INVESTIGATION OF THE NORMAL VIBRATION MODES STABILITY IN SOME ESSENTIALLY NONLINEAR SYSTEMS

In the paper stability of nonlinear normal modes is analyzed by two approaches. One of them is the method of Ince algebraization, when a new independent variable associated with the unperturbed solution is introduced in the problem. In this case equations in variations are transformed to equations with singular points. The problem of determination of solutions corresponding to boundaries of the stability/ instability regions is reduced here to the problem of determination of functions that have singularity at the mentioned points. Such solutions can be obtained in the form of power series, which coefficients are satisfying a system of homogeneous linear algebraic equations. The condition ensuring the existence non-trivial solutions for such systems determines the boundaries between the stability / instability regions in the system parameter space.
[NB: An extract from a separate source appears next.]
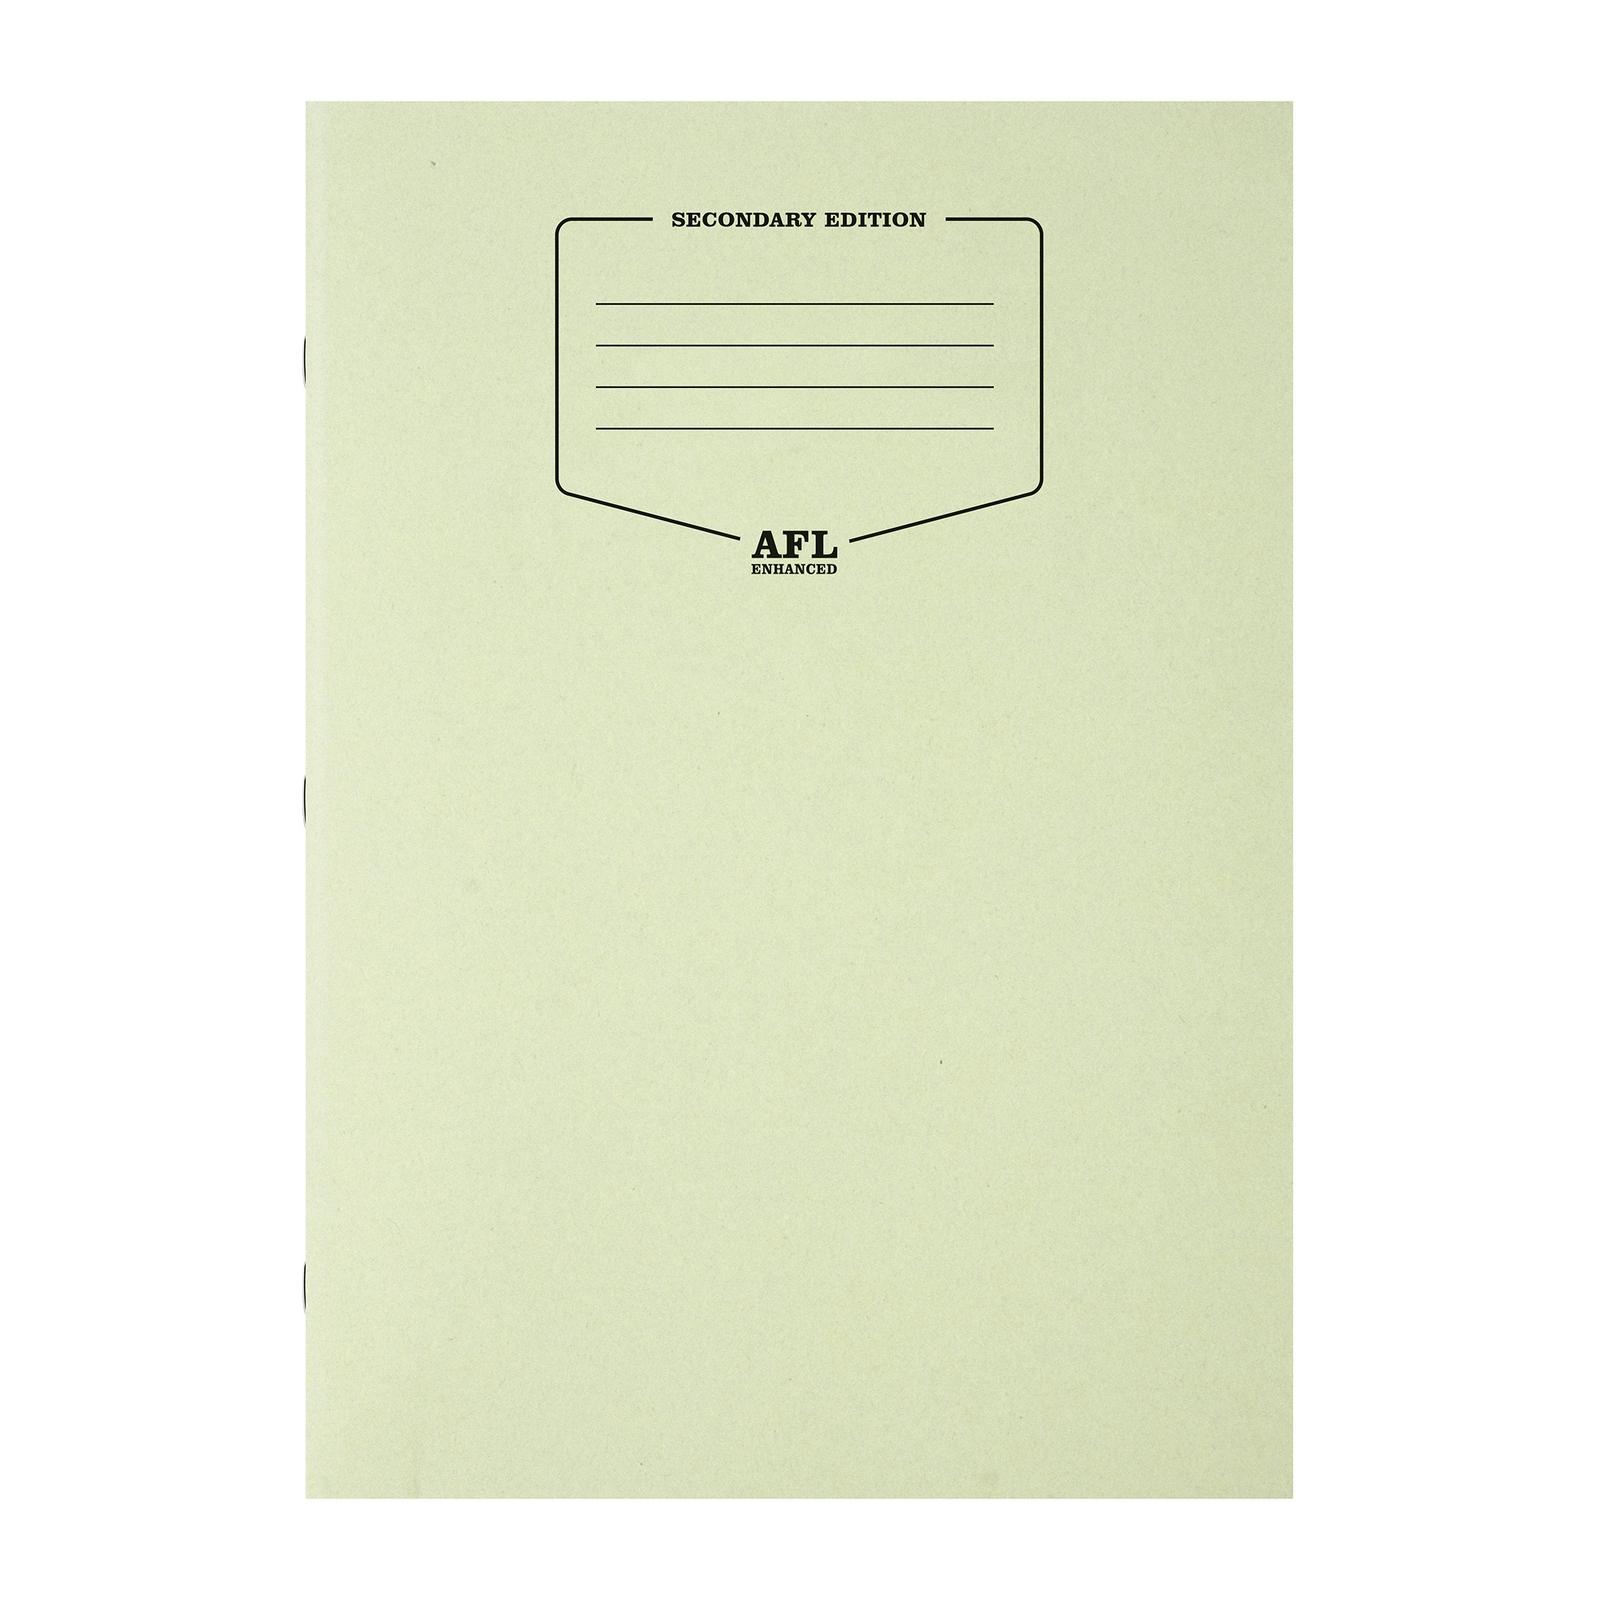 A4 AFL Enhanced Exercise Books  - Green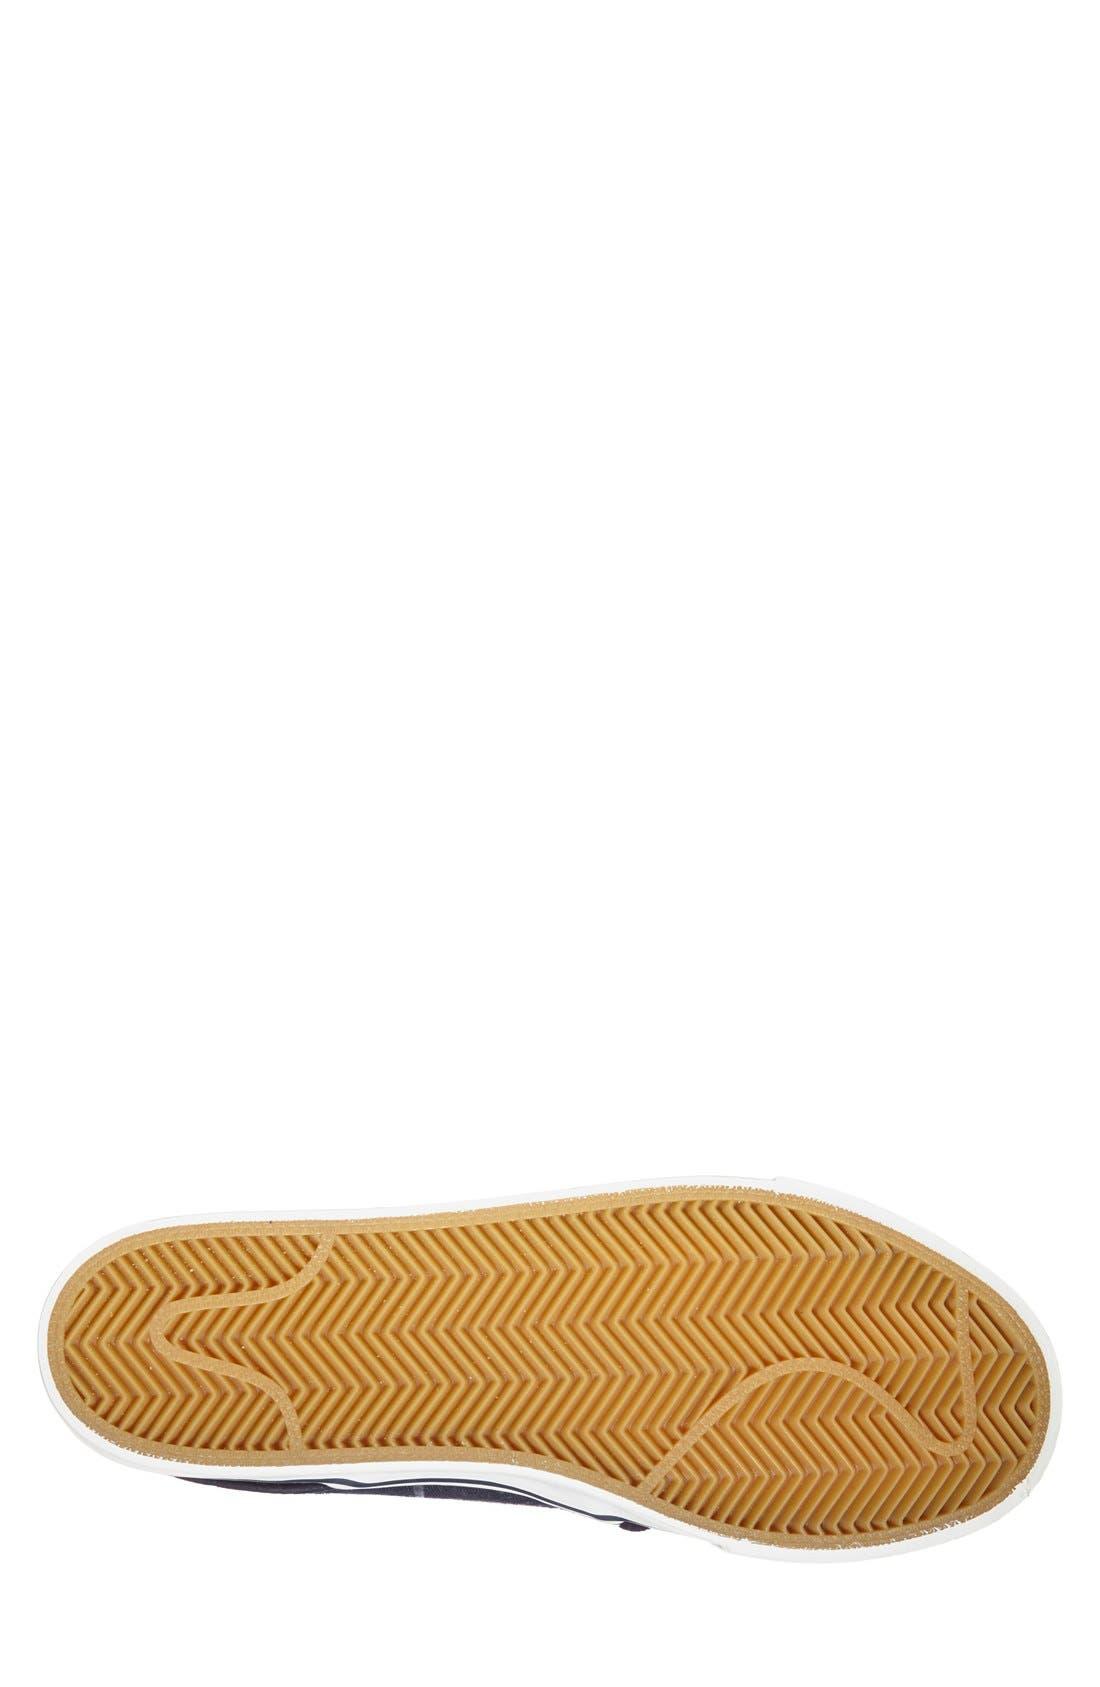 Zoom - Stefan Janoski SB Canvas Skate Shoe,                             Alternate thumbnail 163, color,

An advantage of the Ince algebraization is that we do not use the time-presentation of the solution when studying its stability. Other approach to investigating steady state stability is associated with the classical Lyapunov definition of stability. The analytical-numerical test proposed in the paper can be applied to a stability problem when the problem has no analytical solution. It also allows to obtain boundaries between the stability / instability regions in the system parameter space. In the present paper the first approach is used to analyze stability of normal vibration modes in the system of connected oscillators on the essentially nonlinear elastic support, and the second one is used to analyze stability of a horizontal vibration mode in the so-called stochastic absorber.